◆ To do ◆
For every line in the material, output its text exactly and exclude any image it holds.

◆ Supplied data ◆
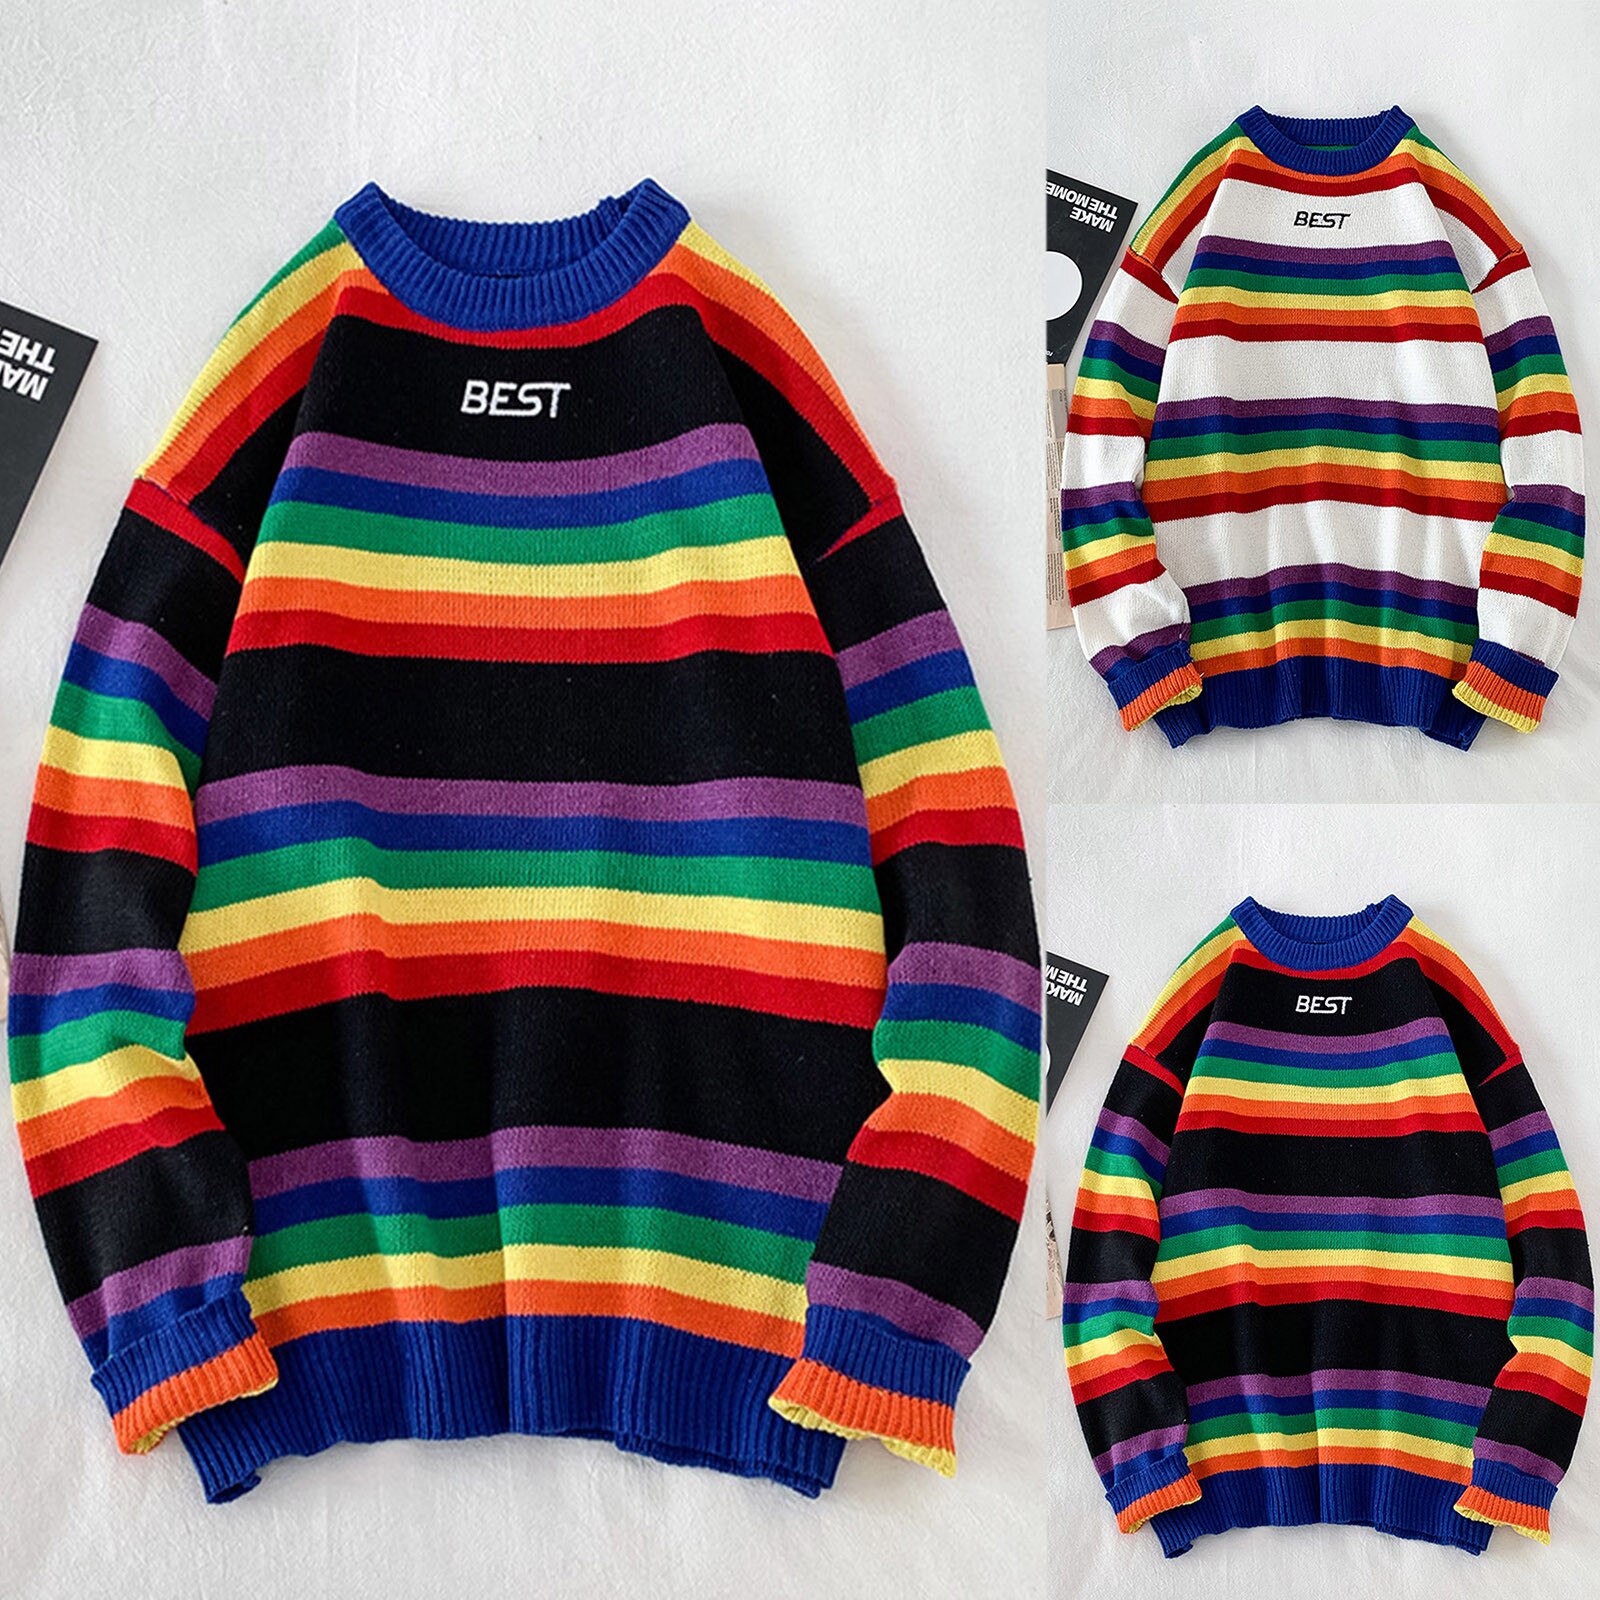 남성 캐주얼 스웨터 패션 레인보우 스트라이프 스플 라이스 스웨터 긴 소매 라운드 넥 스웨터 블라우스
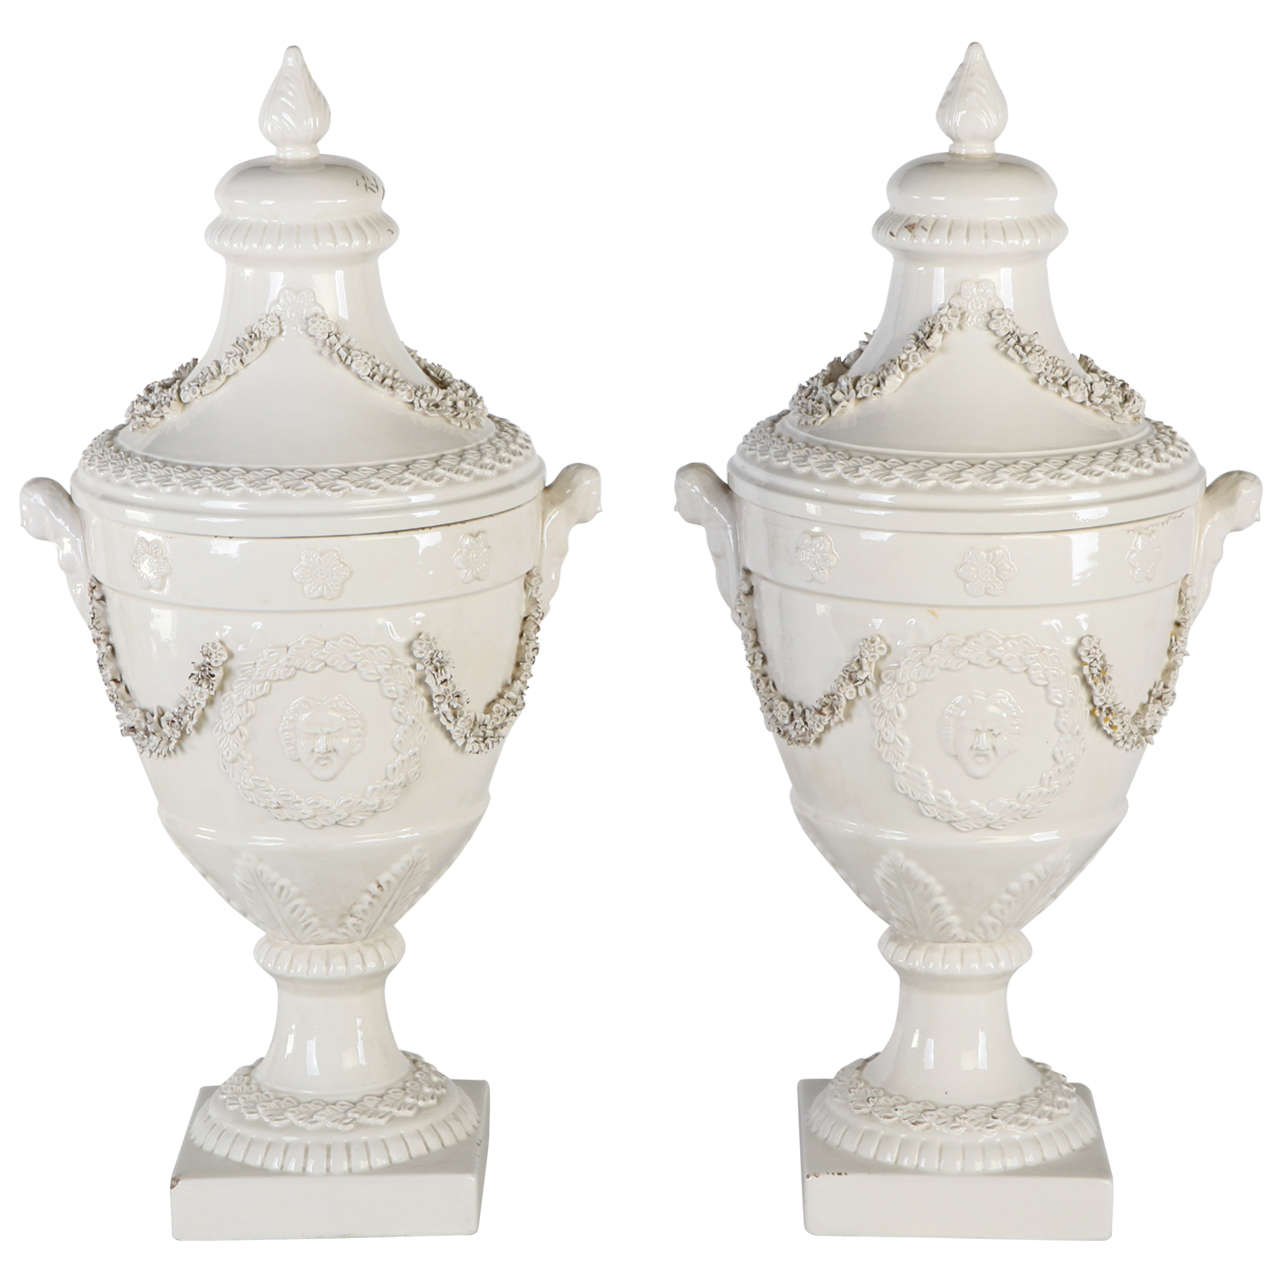  Pair of Italian, White Ceramic  Urn Vases
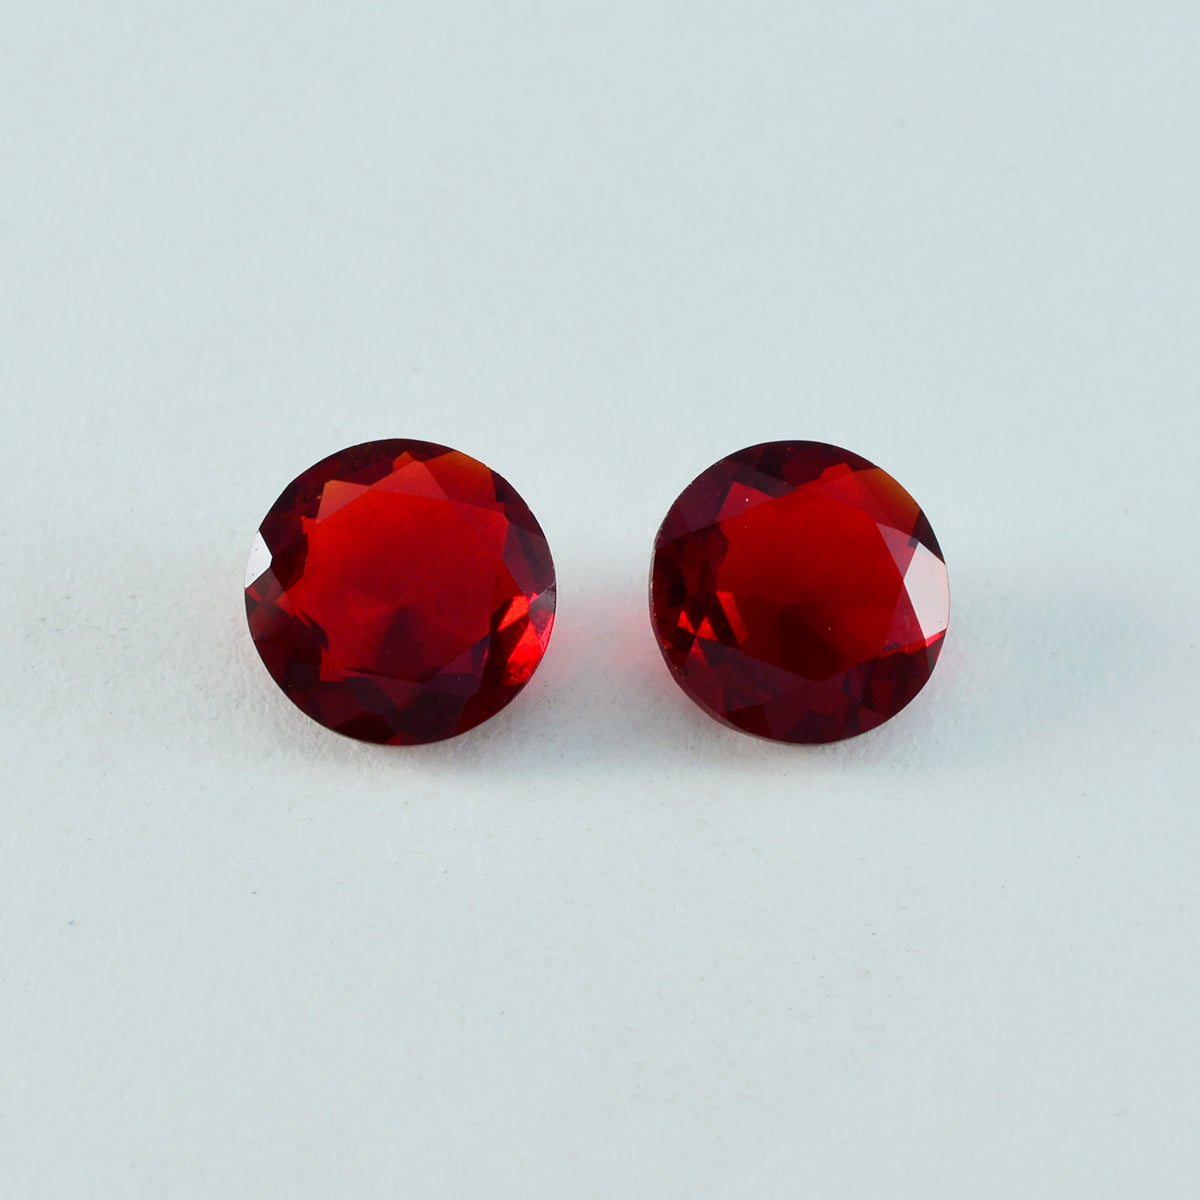 Riyogems 1 pieza rubí rojo cz facetado 12x12mm forma redonda piedra de buena calidad

◆ Solution ◆
 남성 캐주얼 스웨터 패션 레인보우 스트라이프 스플 라이스 스웨터 긴 소매 라운드 넥 스웨터 블라우스
  Pair of Italian, White Ceramic  Urn Vases
 Riyogems 1 pieza rubí rojo cz facetado 12x12mm forma redonda piedra de buena calidad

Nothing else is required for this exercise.